Computational Biology and Evolutionary Genomics: Discovering phenotype-genotype associations
Evolution has led to an incredible diversity of phenotypes in all major species clades, exemplified by mammals like bats that fly or dolphins that live their entire life in the water. This phenotypic diversity is the outcome of changes or loss of ancestral phenotypes or gain of novel phenotypes during evolution. Phenotypic differences between species are due to differences in their DNA (genome). Today, the genome of hundreds of animals have been sequenced, including more than 100 mammals and 300 birds, and many more will be sequenced in the near future.
Given that the genome determines many phenotypes of an organism, these sequenced genomes provide an unprecedented opportunity to discover which genomic changes underlie particular phenotypic changes between species. This is the overarching scientific question we address in the lab by combining both computational as well as experimental approaches. Thus, we wish to contribute to our understanding how nature’s incredible diversity evolved. Our focus is here explicitly on differences between species and not differences within a species, though many of our comparative methods will also work on genomes of individuals or strains of the same species.
The complexity and difficulty of this phenotype-genotype question at the between-species level is illustrated by the fact that their genomes differ by millions of changes. Just accurately comparing the genomes of two, not too closely related species poses a big challenge. Despite this, our previous research established a proof-of-concept that makes it possible to detect genomic loci that underlie a particular phenotypic difference. This "Forward Genomics" approach focuses on independently evolved phenotypic differences and uses ancestral sequence reconstruction to systematically search whole genomes for differences that match the given phenotypic patterns.

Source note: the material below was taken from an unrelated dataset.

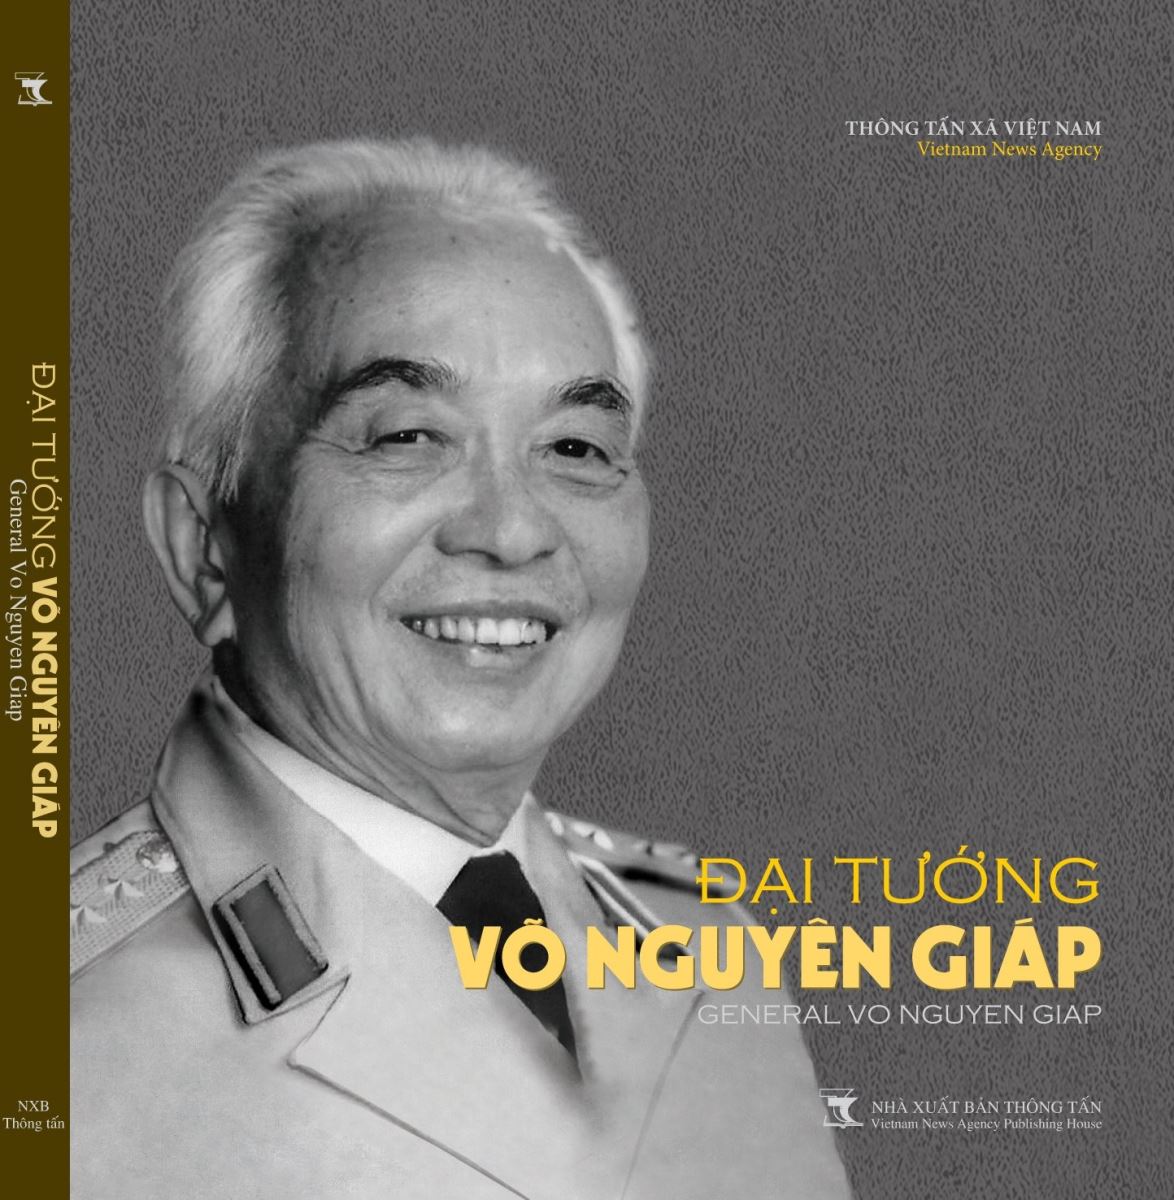 Sách ảnh “Đại tướng Võ Nguyên Giáp”: Tái hiện cuộc đời, sự nghiệp của Đại tướng

Illustration of our Forward Genomics framework that associates phenotypic differences between species to differences their genomes. We use ancestral sequence reconstruction to measure divergence of functional genomic regions and rely on statistical approaches to detect phenotype-genotype associations.

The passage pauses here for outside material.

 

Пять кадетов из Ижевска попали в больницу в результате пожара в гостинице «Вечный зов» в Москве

Current research in the lab combines computational and experimental approaches. On the computational side, we both develop and apply comparative genomics approaches. For example, we are developing several methods to accurately detect those genomic differences that likely change the function of genes or regulatory elements, which can impact species’ biology. Since these methods rely on high-quality whole genome alignments, we developed ways to improve genome alignments by detecting sequence homologies between distant species and filtering out non-orthologous alignments. Our alignment of 144 vertebrate genomes (including 73 non-human mammals, 31 birds and 23 teleost fish) provides a powerful basis to detect both conservation and divergence with comparative genomics. To improve the power of discovering statistical associations between genomic and phenotypic changes in Forward Genomics searches, we developed new methods that control for phylogenetic relatedness between species and evolutionary rate differences. Our computational approaches give us an extensive toolbox for analyzing genomic data, for detecting biologically important differences and for addressing the phenotype-genotype question.
On the experimental side, we use approaches like RNA-seq and ATAC-seq to annotate genes and regulatory regions in specific tissues of interest and use these annotations to interpret our computational results. In addition to making use of the wealth of genomes sequenced by the community, we select species with interesting phenotypes, and sequence and assemble their genomes. Finally, to establish a causal link between a discovered genomic difference and a natural phenotypic difference, we experimentally test if introducing the detected genomic difference in a model organism affects the predicted phenotype.
A main limitation to understand which genomic changes underlie particular phenotypic changes between species is digital access to phenotypic data. To this end, we are currently collaborating with zoologists to address the pressing need to close the phenotype gap for sequenced species.